Юлий Генрихович поддакнул и вдобавок объяснил, что были на свете и круглые корабли: два старинных броненосца, которые прозвали «поповками». Потому что их строил адмирал Попов.
– А может, и баню эту адмирал строил? – сказал Стасик. Просто так, для шутки.
Но Юлий Генрихович вздохнул и возразил, что баню строил известный архитектор, у него много интересных зданий в других городах, а одно даже в Москве…
– А вот за это сооружение беднягу посадили и чуть не шлепнули, – сказал он.
Мама нервно оглянулась, а Стасик сумрачно спросил:
– Почему? – Что такое «посадить» и «шлепнуть», он знал.
Юлий Генрихович объяснил, что баня построена кольцом (снаружи этого не видно) и архитектора обвинили, что сделал он это с вредительским умыслом. Если, мол, враги народа, диверсанты и троцкисты, взорвут внутри такого кольца бомбу, она в замкнутом пространстве ахнет с повышенной разрушительной силой, погубит здание и массу советских людей…
– Откуда ты это знаешь? – опасливо и с досадой сказала мама.
– Потому что я с ним вместе сидел в пересылке…
Мама опять посмотрела вокруг: нет ли поблизости прохожих? Того, что все это слышит Стасик, она не боялась, привыкла доверять ему. В те годы, когда они жили вдвоем, с кем ей было еще разговаривать откровенно? Вот и беседовали обо всем на свете, и мама приучила сына с посторонними о лишнем не болтать, а о таких делах вообще молчать намертво.
Юлий Генрихович ему тоже стал доверять, когда понял, что Стасик Скицын человек надежный. Пускай не очень храбрый (а иногда и слабоватый на слезы), но если уж скажет – можно верить. И если обещал держать язык за зубами – не сболтнет ни приятелям, ни соседу и даже себе вслух не скажет.
2
Юлий Генрихович появился в жизни Стасика странно и тревожно. Много позже Стасик узнал, что в начале сорок пятого года в библиотеку Клуба железнодорожников, где мама тогда работала, пришел мужчина. Остался с мамой наедине, сказал, кто он и откуда, и предупредил, что через несколько дней к ней попросится на жительство квартирант. Ему подскажут этот адрес. «Так надо. Вам понятно?»

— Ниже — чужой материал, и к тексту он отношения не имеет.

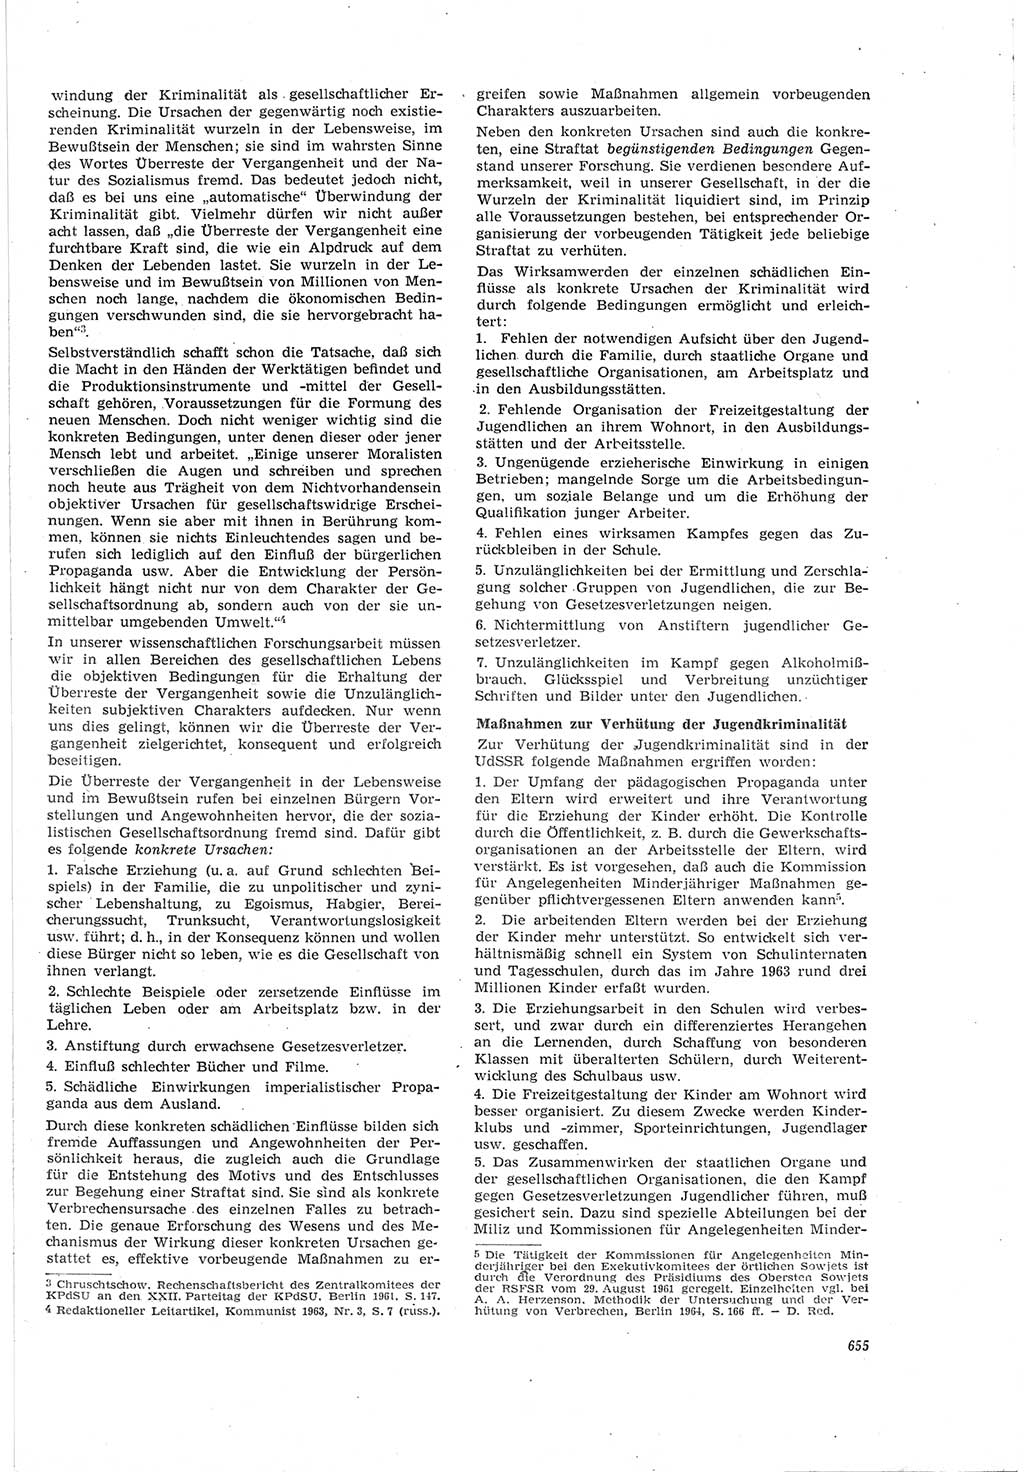 Neue Justiz (NJ), Zeitschrift für Recht und Rechtswissenschaft [Deutsche Demokratische Republik (DDR)], 18. Jahrgang 1964, Seite 655 (NJ DDR 1964, S. 655)

Мама пролепетала, что понятно. Комната у них со Стасиком была разгорожена фанерной стенкой. Проходную часть мама и раньше иногда сдавала приезжим людям: то эвакуированному профессору, то офицеру пехотного училища, то медсестре из госпиталя. Так что само по себе дело было не новое. Но мужчина объяснил, что время от времени будет встречаться с мамой. И она будет рассказывать ему, как живет и о чем говорит квартирант, какие у него знакомые и от кого он получает письма. Тут мама попробовала сказать, что она не знает, как это, и она не умеет, и вообще… А мужчина улыбнулся: «Вы ведь советский человек, верно? Вдова командира. И сын у вас растет, будущий пионер. Вы ведь любите вашего сына?»
Мама очень любила сына, будущего пионера…
Скоро появился жилец. В старом, ломком от мороза кожаном пальто, в облысевшей ондатровой ушанке, с фанерным чемоданом. Высокий, лицо впалое, а одна щека так втянута внутрь, что совсем получилась яма. На толстой переносице – красноватый рубец. Глаза у незнакомца были бледные, и смотрел он, как дворовая собака Чапа, когда ее пускают в дом погреться.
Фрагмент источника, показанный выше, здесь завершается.